Ostatni pociąg do Nibroc , pierwsza sztuka trylogii, została zainspirowana nauką Huttona z książki o SJ Perelmanie , że legendarni pisarze F. Scott Fitzgerald i Nathaniel West, szwagier Perelmana, nie tylko zmarli w odstępie jednego dnia w 1940 r., ale ich zwłoki mogły równie dobrze zostać wysłane z powrotem w celu pochówku na wschodnim wybrzeżu ten sam pociąg. Powiedział Hutton: „Nie chciałem pisać o ciałach, więc wsadziłem do pociągu młodego mężczyznę i kobietę… Moi rodzice zakochaliby się w tym czasie”. Chociaż twierdzi, że para z trylogii - May i Raleigh - nie jest wzorowana na jej rodzicach, swobodnie czerpała z rodzinnej wiedzy o scenerii i wielu drobnych incydentach w sztuce. Tytuł spektaklu odnosi się np Corbin w stanie Kentucky, w stanie pochodzenia jej rodziców, gdzie co roku odbywa się prawdziwy festiwal Nibroc („Nibroc” to „Corbin” pisane od tyłu).
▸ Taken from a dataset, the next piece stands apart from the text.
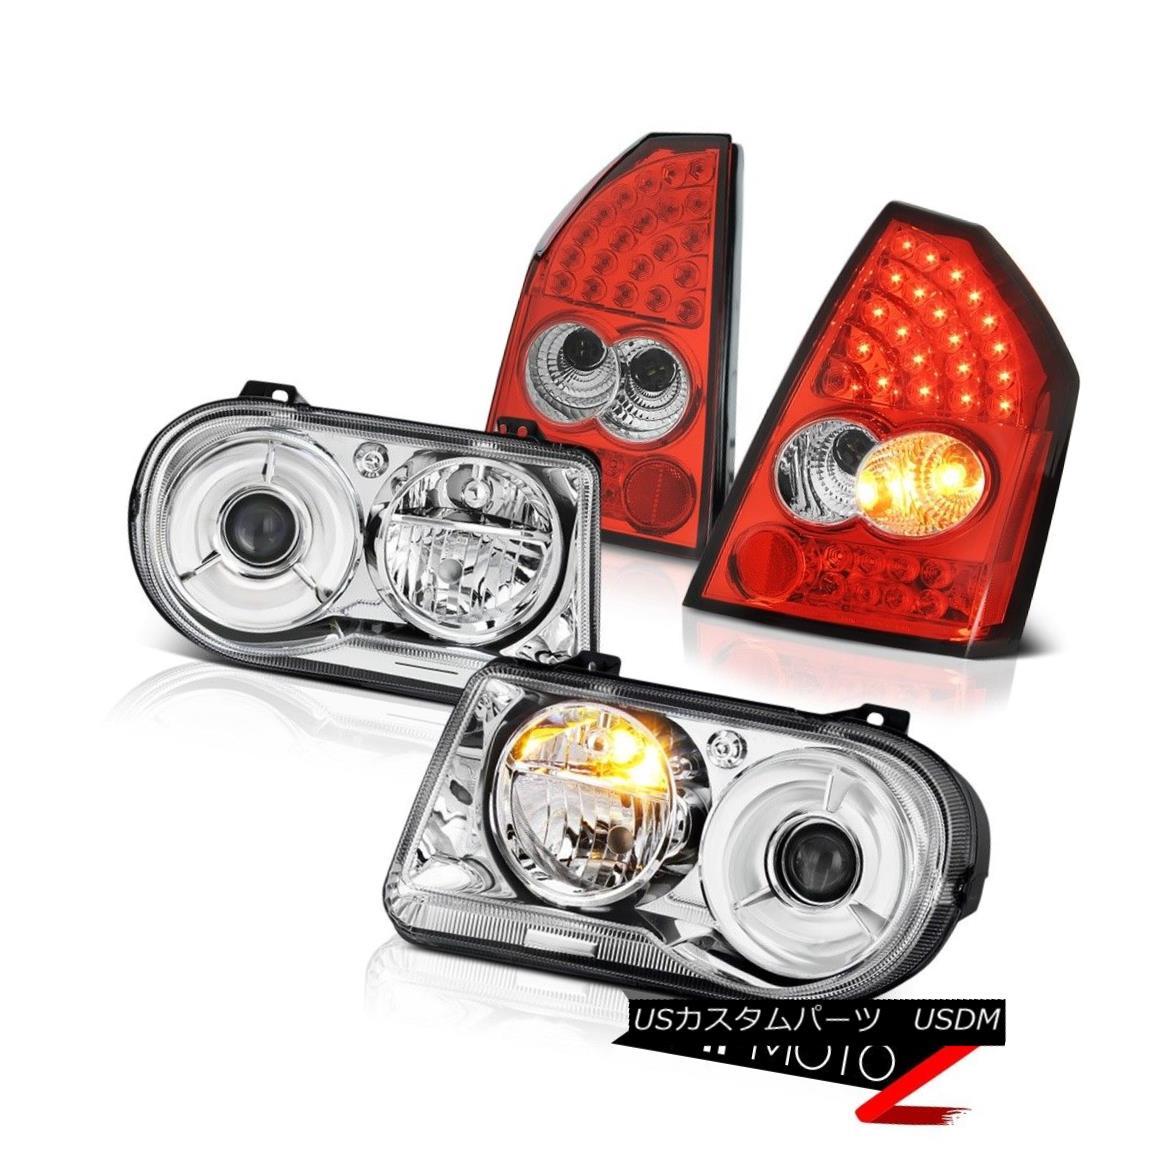 テールライト Euro Headlights Factory Style Rosso Red LED Tail Lights 2005-2007 Chrysler 300C ユーロヘッドライトファクトリースタイルロッソレッドLEDテールライト2005-2007クライスラー300C

Pisząc to, Hutton myślał o tej pracy jako o „naprawdę staroświeckiej sztuce, której nikt nie chciałby oglądać”. Jednak Last Train to Nibroc okazał się najczęściej wystawianą sztuką dramaturga, która otrzymała około 100 przedstawień. Hutton pierwotnie zamierzał napisać tylko pierwszą pracę, ale później kontynuował historię bohaterów w drugiej i trzeciej części trylogii. Ostatecznie trylogia miała dziesięcioletnią historię rozwoju i wyników regionalnych.

Krytyczny odbiór

Washington Post , Celia Wren, nazwała Last Train to Nibroc „podstępnie fascynującą historią miłosną” oraz „intymną, mądrą i zaskakującą, z zachwycającym przedostatnim zwrotem akcji narracyjnej”, podkreślając, że w trakcie narracji obie postacie zmieniają się w wiarygodny sposób. W The New York Times DJR Bruckner napisał : „W „Ostatnim pociągu” nie chodzi o wydarzenia, ale o charakter. A kiedy wychodzisz z tego występu po 90 minutach oglądania, jak ci ludzie ujawniają głębię uczuć, które próbują ukryć, możesz Myślę, że z łatwością mógłbyś cieszyć się jeszcze kilkoma godzinami”. Chrisa Jonesa z Chicago Tribune przyznał Last Train to Nibroc cztery gwiazdki, nazywając to „niespodzianką lata, której nie można przegapić”. Jones napisał również: „To, co sprawia, że ​​pisanie w tej sztuce jest tak uwodzicielskie, to sposób, w jaki Hutton wykuwa tak silne, ale potrzebujące, a jednak dociekliwe postacie, i jak czyni je symbolami gruntownej zmiany, która nękała Amerykę w latach czterdziestych XX wieku. Sięgając po te większe obserwacje społeczne, nigdy nie naraża ich indywidualności ani człowieczeństwa… „Ostatni pociąg do Nibroc” najbardziej przypomina twórczość Hortona Foote'a, chociaż Hutton jest w dużej mierze jej własnym pisarzem. David C. Nichols z Los Angeles Times nazwał sztukę „pełnym wdzięku romansem wojennym” i zauważył, że „Gdyby Arlene Hutton była w pobliżu podczas złotego wieku Broadwayu, jej doskonale dopracowane sztuki mogłyby równać się sztukom Williama Inge czy Hortona Foote'a. Wśród postmodernistycznych dramaturgów , Hutton… wyróżnia się, opierając się na tradycyjnych technikach w epoce, w której takie wartości stają się coraz rzadsze… „Nibroc” odbywa swoją boleśnie piękną podróż prosto do serca”.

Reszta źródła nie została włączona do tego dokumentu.